Si l'entame de la scolarisation s'effectuait dans la langue de naissance, l'être humain que l'on prépare à une vie d'adulte serait à son aise et développerait ses potentialités cognitives, linguistiques, créatrices et culturelles. Rien n'empêche d'introduite la langue d'État dès la troisième ou quatrième année ? comme le conseillent vivement tous les experts mondiaux, l'Unesco, la Banque Mondiale et bien d'autres organismes.

En quatrième lieu, son rapport à la Culture nationale

Soyons clairs: comment produire/entretenir une culture nationale avec une langue trans-nationale? L'arabe est une langue partagée, qui, par définition, n'appartient à aucune nation.
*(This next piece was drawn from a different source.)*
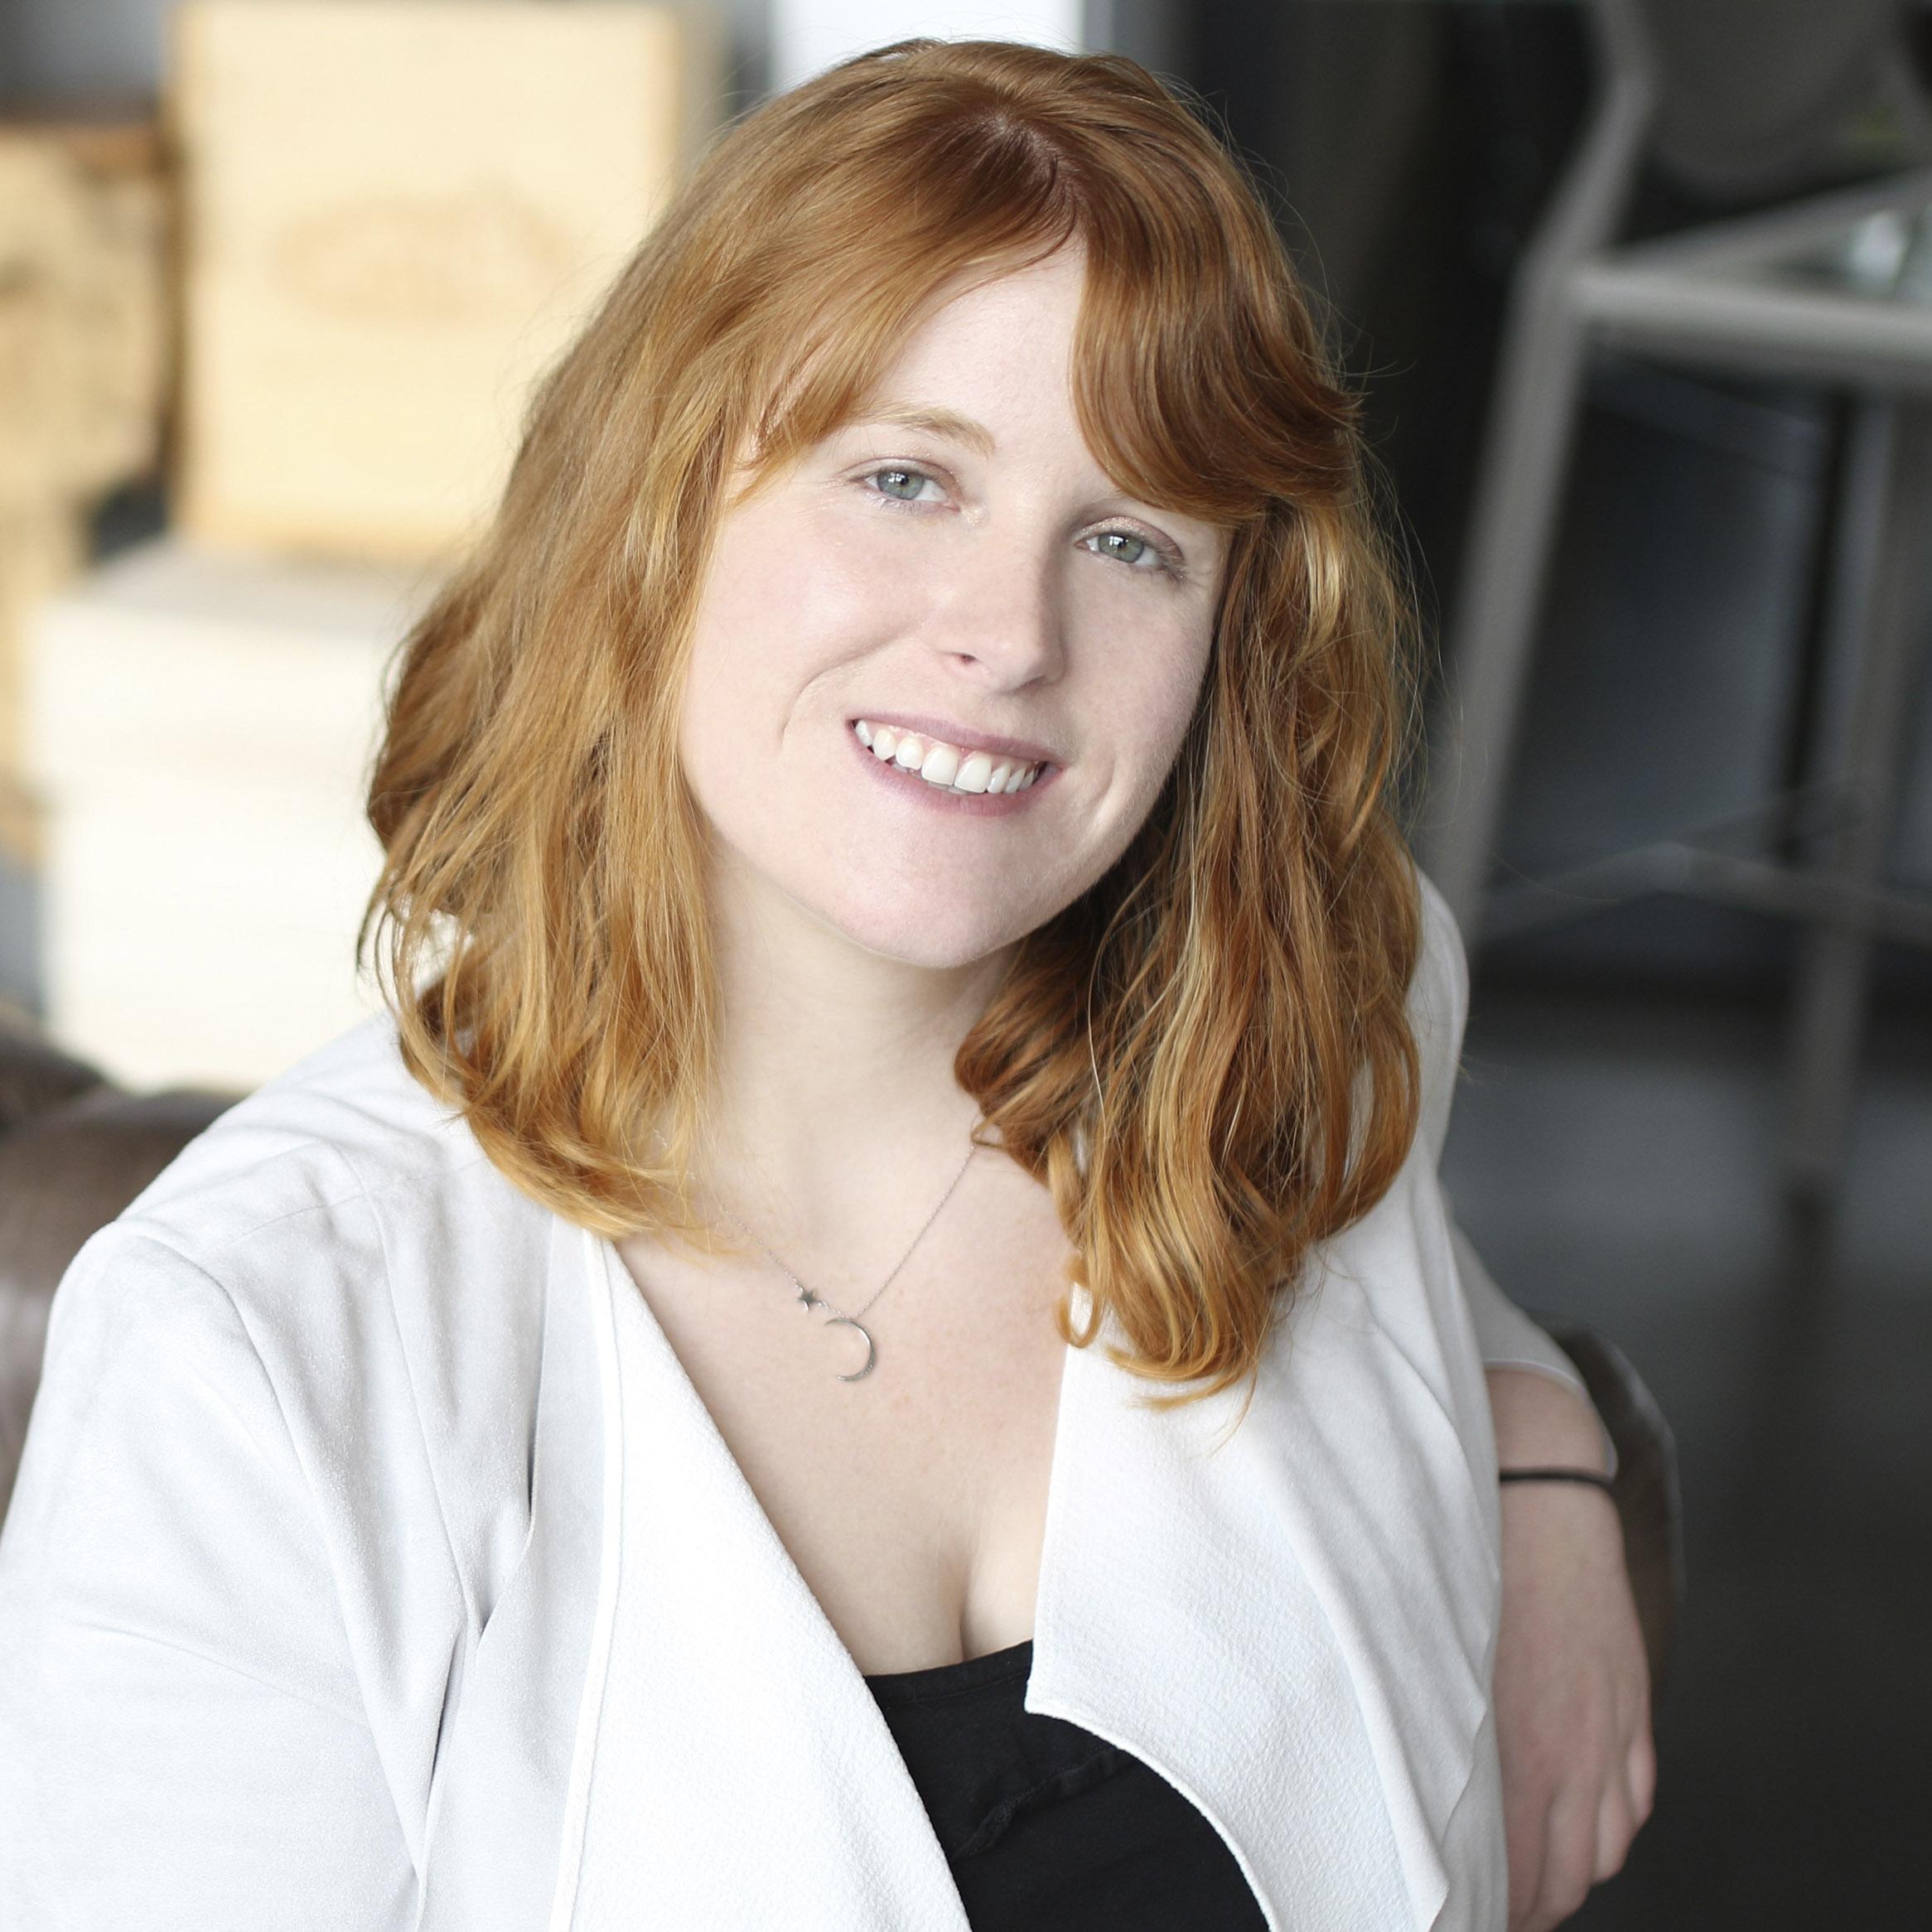 Ashley Breunich - Digital Marketing Manager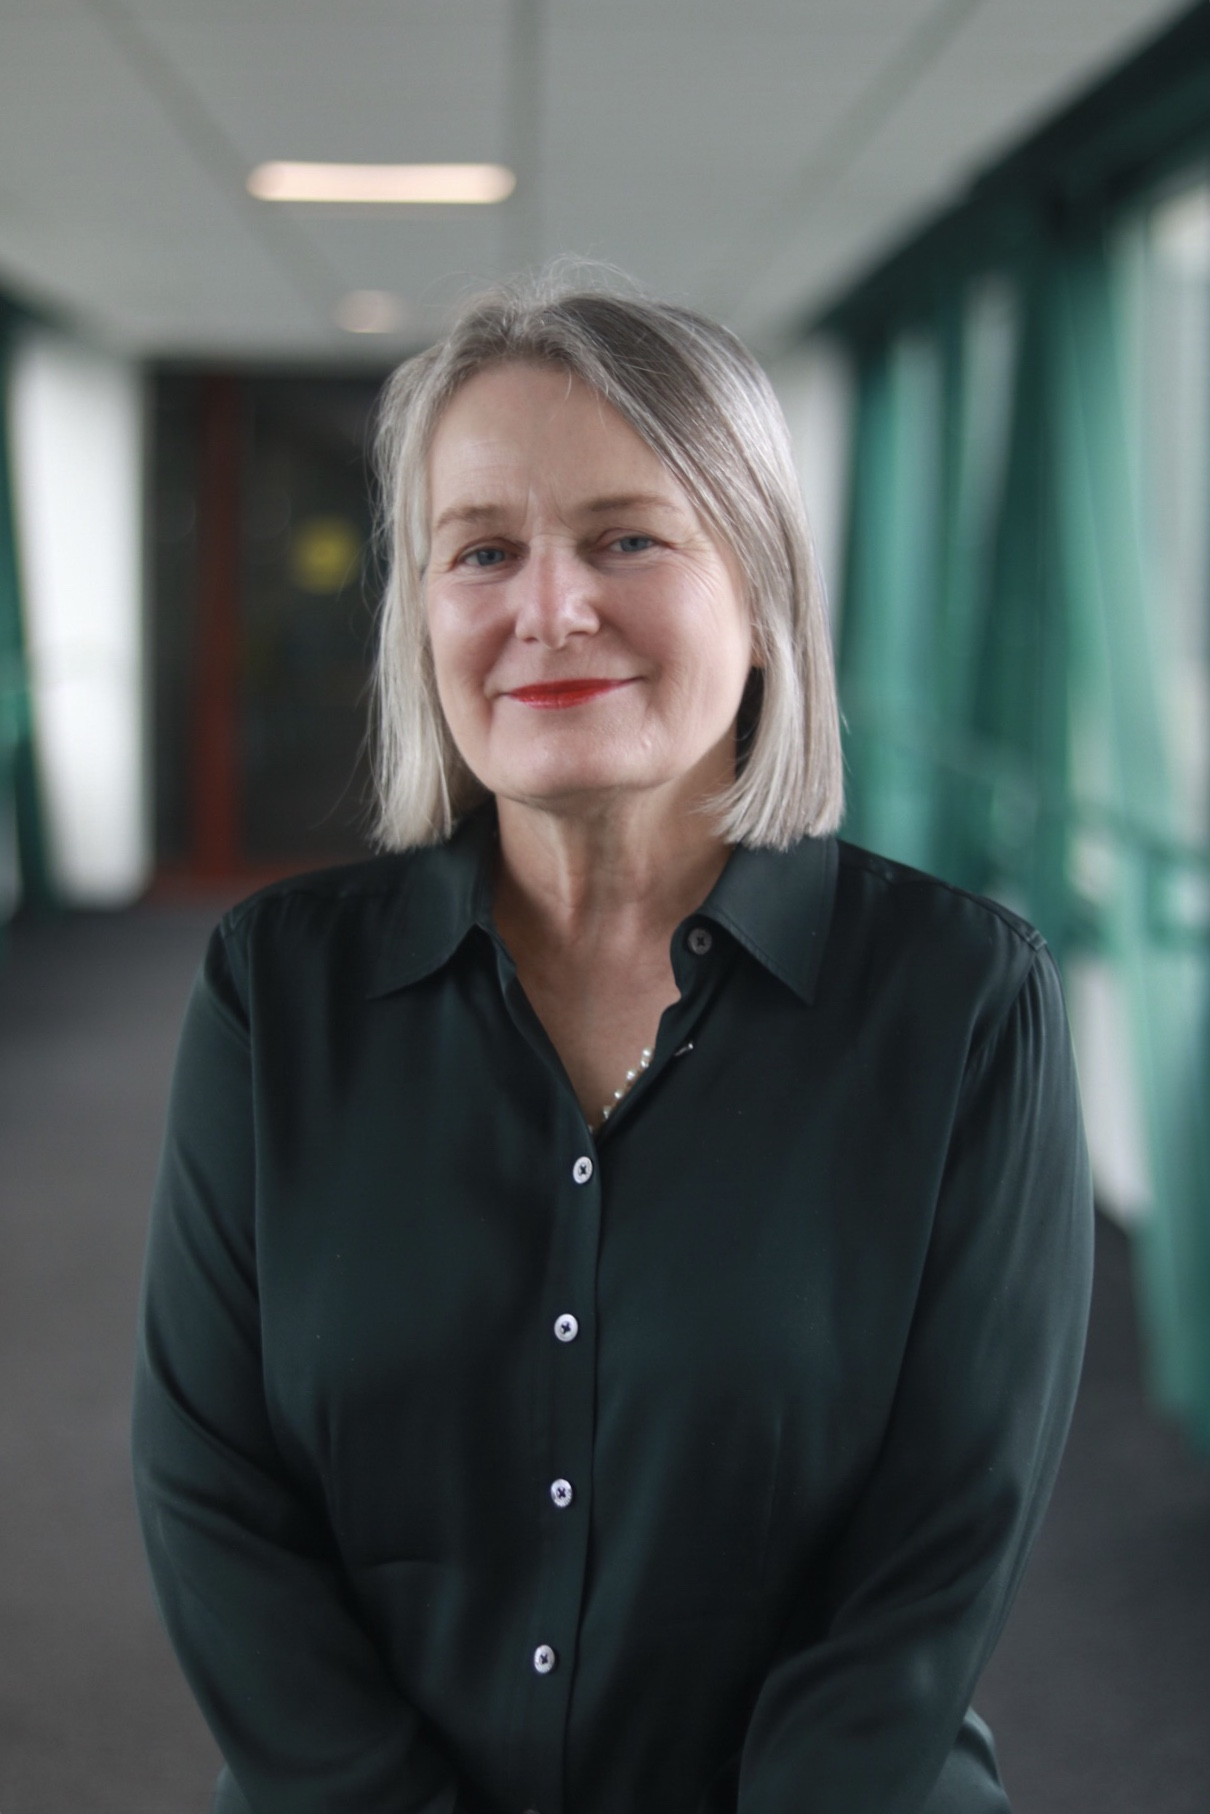 Nancy Donovan

Son rôle est certes fédérateur, mais il n'est pas producteur de valeurs locales, de valeurs nationales. Seules les langues natives permettent de s'ancrer dans une culture qui nous pré-existe et que nous enrichissons. L'exclusion des langues natives nationales depuis près de 60 ans aura contribué à affaiblir lourdement ce que des générations ont semé depuis des siècles. Notre âme sociale est dévitalisée en bonne partie et cela se ressent dans une culture nationale faite de bric et de broc, avec l'accent mis sur un folklore reconstruit à partir d'un passé mythifié et bridé. Tel est le cas de «nos» danses, bijoux berbères, fantasias et quelques vêtements et mets. Quant à notre littérature maghribie/darija de mille ans, on la réduit à une exploitation laborantine de la poésie dite « melhûn ». Notre histoire, pour sa part, deux schèmes caricaturaux se la disputent: le mythe d'une hégémonie berbère, d'un côté, et l'encensement d'une arabité que l'on confond avec une islamisation effective et profonde, de l'autre. Nous avons de moins en moins d'artefacts culturels qui nous soient propres; nous sommes démunis et nous ne voyons pas que derrière cette indigence se niche la question linguistique. Jusqu'où pourrions-nous continuer de la sorte?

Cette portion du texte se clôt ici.